Gut microbiota composition: Challenges for studies of diet and health
To date, microbiome research has largely focused on measures of microbial composition based on sequencing one or more regions of the 16S rRNA marker gene[37–40]. 16S rRNA is an evolutionarily well-conserved prokaryotic gene found in all bacteria and archaea, with sufficient variability in gene regions to allow taxonomic assignment of microbiota to the genus level[41]. Characterization of the gut microbiota based on 16S rRNA include the relative abundance of specific taxonomic groups, as well as ecologic measures of the microbiome as a whole, such as diversity and richness[38].
16S rRNA remains easiest, fastest, and most affordable approach for characterizing the microbial community with respect to taxonomic composition, but it is limited in its ability to provide detailed understanding of gut microbiota functioning. High-throughput sequencing technology has made it economically feasible for researchers to further examine the role of the gut microbiota in health by obtaining a comprehensive survey of genes in the microbiota, using whole genome sequencing (WGS), termed metagenomics[40]. WGS data allows taxonomic assignment at a finer level than 16S rRNA and profiles the genes present in the microbiota, which can be mapped to metabolic pathways, providing a measure of functional potential[42].
The NIH-funded Human Microbiome Project (HMP) generated 16S rRNA and WGS data for microbial communities from multiple body locations, including gut, in roughly 300 U.S. adults[43]. A primary goal of the HMP was to establish the taxonomic entities and composition that constitute a healthy gut microbiota in humans[44]. However, a clearly-defined core microbiota has defied easy identification; rather, the HMP and other studies have found large variation in the taxonomic composition of the gut microbiota among healthy individuals[43]. For example, initial animal and human studies supported associations between obesity and the ratio of Firmicutes to Bacteroidetes, the two most abundant phyla in the human gut microbiota.
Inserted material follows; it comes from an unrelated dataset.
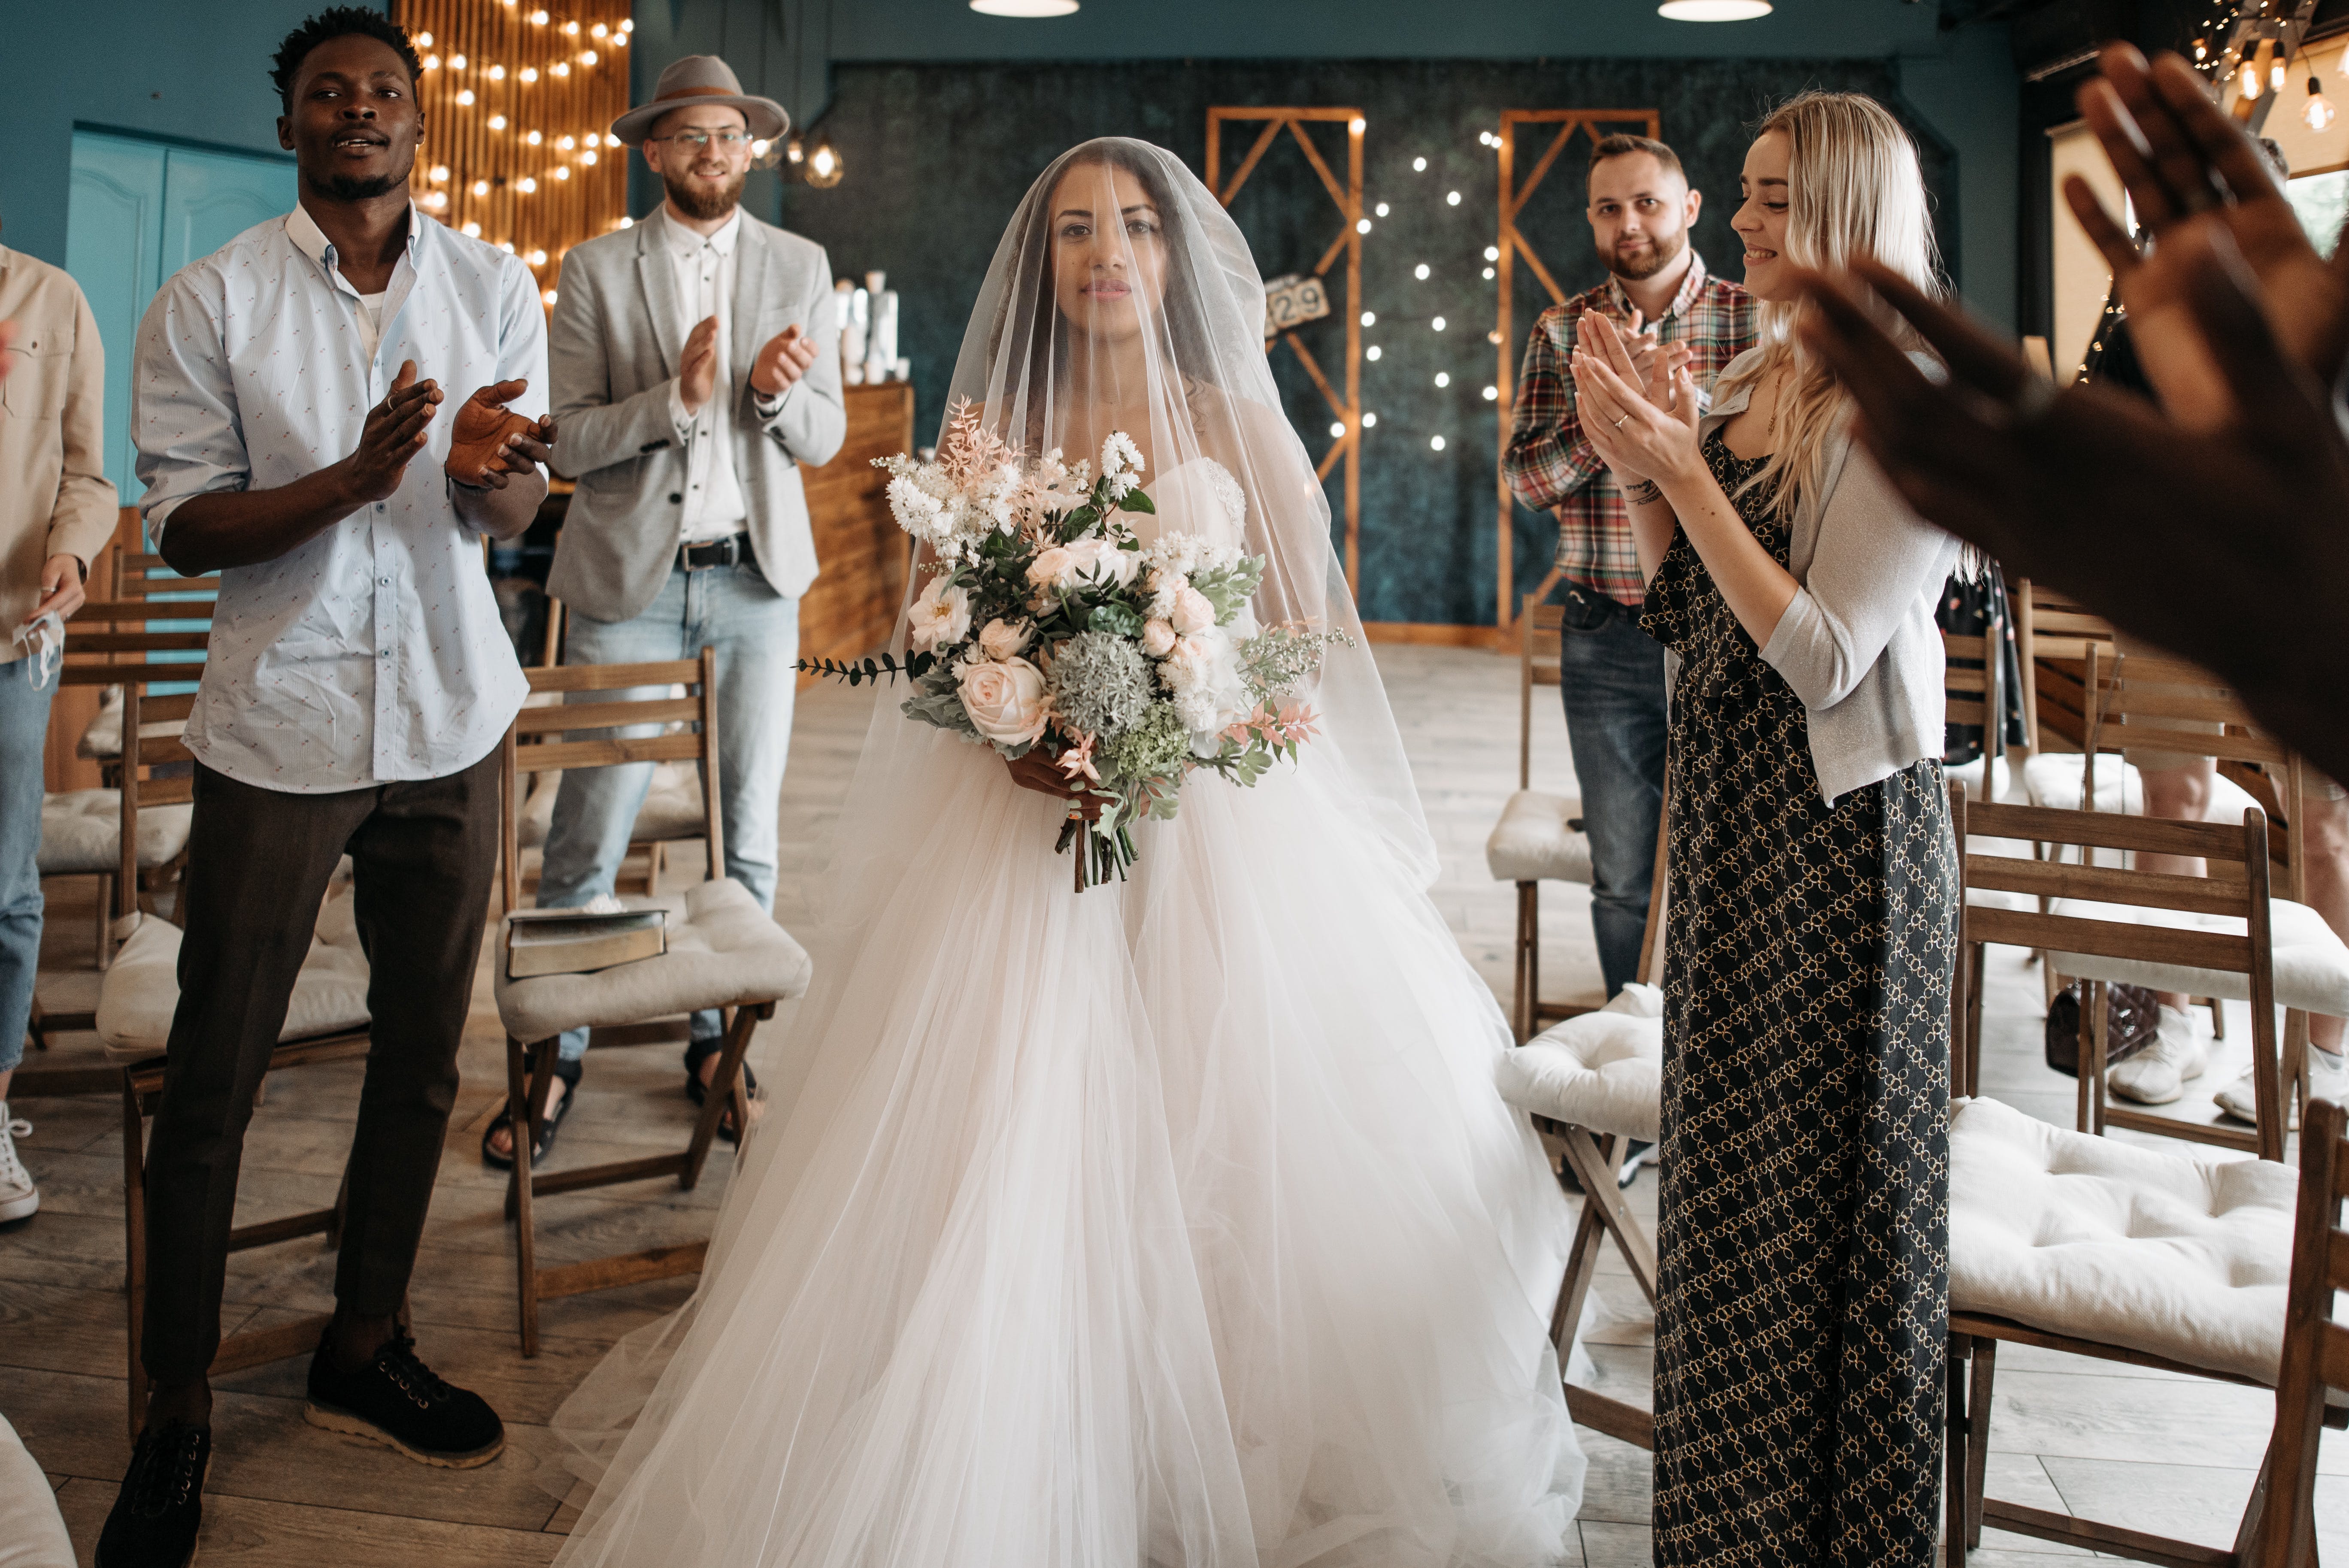 Gäste klatschen in die Hände und stehen für die Braut auf | Quelle: Pexels

In one study, ob/ob mice had a greater abundance of Firmicutes relative to Bacteroidetes (F/B ratio) than lean mice[45]. A study of 12 human subjects also found that obese individuals had a higher F/B ratio[20]. In an intervention of calorie-restricted diets, weight loss was associated with decreases in F/B, irrespective of macronutrient composition (low-fat or low-carbohydrate)[20]. Although several subsequent studies reported similar findings, however, other studies showed no F/B difference between obese and lean individuals, the reverse association (lower F/B in obese vs. lean), or no change in F/B with weight loss[46].
Other research has revealed large within-phyla variability that may help explain inconsistent findings. In a study of obese mice fed a Western-style diet, weight gain was accompanied by increases in specific members of Firmicutes from the Mollicutes class[47]. In another animal study, a high-fat diet was associated with increases in Mollicutes, as well as Firmicutes classes Clostridiales and Delta-Proteobacteria[48]. In a dietary intervention among 14 overweight men, carbohydrate subtype did not reveal a change in F/B, but did show changes at lower taxonomic levels[49]. Additional evidence of the importance of more refined taxonomic analysis can be illustrated by findings related to Prevotella, one of the two primary genera in the phylum Bacteroidetes. Prevotella has been associated with plant-based diets[50, 51] and improved glucose metabolism[52], but also with chronic inflammation[53]. Such apparent discordance in health associations may reflect within-genus variability. Indeed, gene-level diversity has been observed among genomes of strains within a single Prevotella species[52]. These data support the need for finer compositional analysis than has been standard, as well as motivate increased focus on measures of microbial function.
In contrast to the large compositional variability, functional potential measured through WGS is relatively stable among healthy individuals[21, 43]. These findings support a model of redundancy in the presence of genes for core metabolic functions across a diverse gut microbial composition. Additional work is needed to improve our understanding of how gene sets align with specific microorganisms, particularly to inform our assessment of the functional impact of microorganism-based targeted interventions. Redundancy in gene presence across microbiota may underlie the finding that greater microbial diversity is generally positively associated with health status[21], with some exceptions, as a diverse microbiota may be more likely to capture the core set of necessary genes.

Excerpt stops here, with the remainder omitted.